Se qualcuno se le guarda ed ha feedback da darmi, lo faccia pure, in privato o nel thread.

----------

## .:deadhead:.

bella silvero: complimenti!!!

----------

## federico

 *Sephirot wrote:*   

> qualcuno di milano viene al linux day in via comelico? 

 

Bellino che sei  :Smile: 

----------

## SilveRo

 *.:deadhead:. wrote:*   

> bella silvero: complimenti!!!

 

thx, deadhead   :Very Happy: 

----------

## codadilupo

 *SilveRo wrote:*   

>  *.:deadhead:. wrote:*   bella silvero: complimenti!!! 
> 
> thx, deadhead  

 

Ola SilveRo, pirla che sono, ho sempre letto il tuo nome anche in lista milug, e solo ora ho capito che sei sempre tu  :Wink: 

Mi dispiace, ma non sono poi riuscito a preparare la gentoo per il milug, ma so che gentoo si é fatta onore lo stesso, grazie a te  :Rolling Eyes: 

P.S.: di la' sono Alberto. (col punto  :Wink: )

Coda

----------

## SilveRo

 *codadilupo wrote:*   

>  *SilveRo wrote:*    *.:deadhead:. wrote:*   bella silvero: complimenti!!! 
> 
> thx, deadhead   
> 
> Ola SilveRo, pirla che sono, ho sempre letto il tuo nome anche in lista milug, e solo ora ho capito che sei sempre tu 
> ...

 

Eri in via Comelico, vero? Io ero a Sesto  =)

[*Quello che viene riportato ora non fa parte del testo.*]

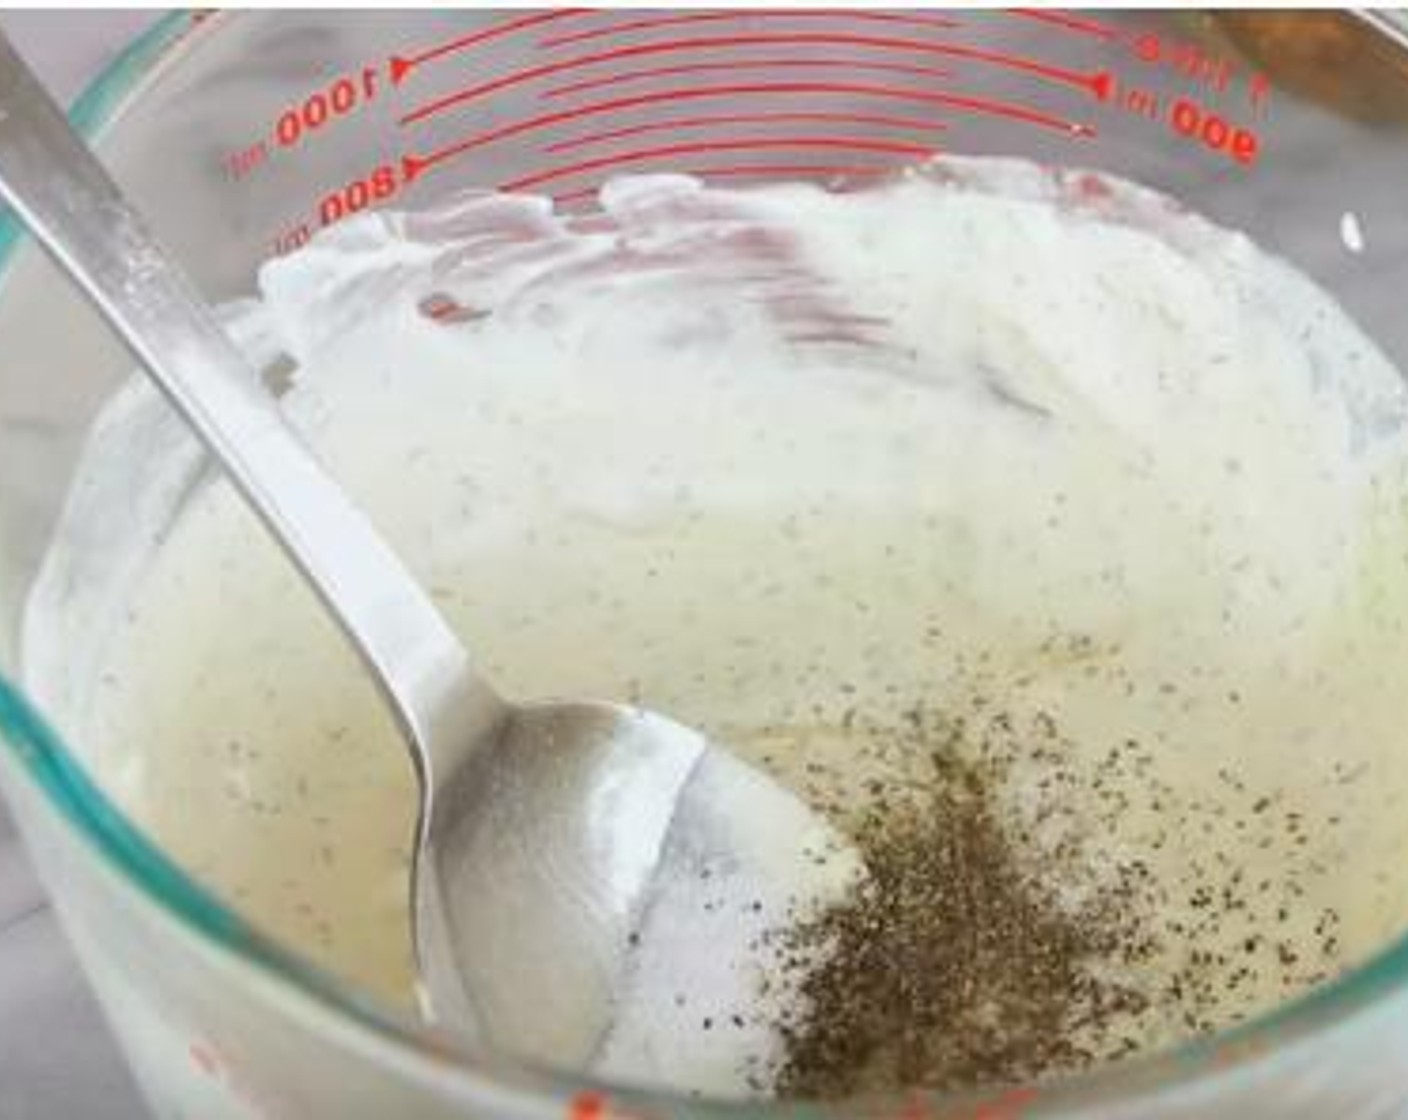 step 4 In a cup, mix together the Sour Cream (1/4 cup), Mayonnaise (1/2 cup), Dijon Mustard (1 Tbsp), Dried Dill Weed (1/2 tsp), Distilled White Vinegar (1 Tbsp), McCormick® Garlic Powder (1 tsp), Salt (to taste), and Ground Black Pepper (to taste).

Io non perdo mai un'occasione per pubblicizzare la Gentoo   :Very Happy: 

----------

## codadilupo

 *SilveRo wrote:*   

> Eri in via Comelico, vero? Io ero a Sesto  =)
> 
> Io non perdo mai un'occasione per pubblicizzare la Gentoo  

 

no, ero a prato: per il linuxday di milano ho solo aiutato la settimana precedente, ma prepare la gentoo, un in tre notti scarse, su un pentium II é stato troppo anche per me: era praticamente finita, ma non c'e' stato verso di far andare la scheda video (una matrox g100 o giu' di li')  :Wink: 

Coda

----------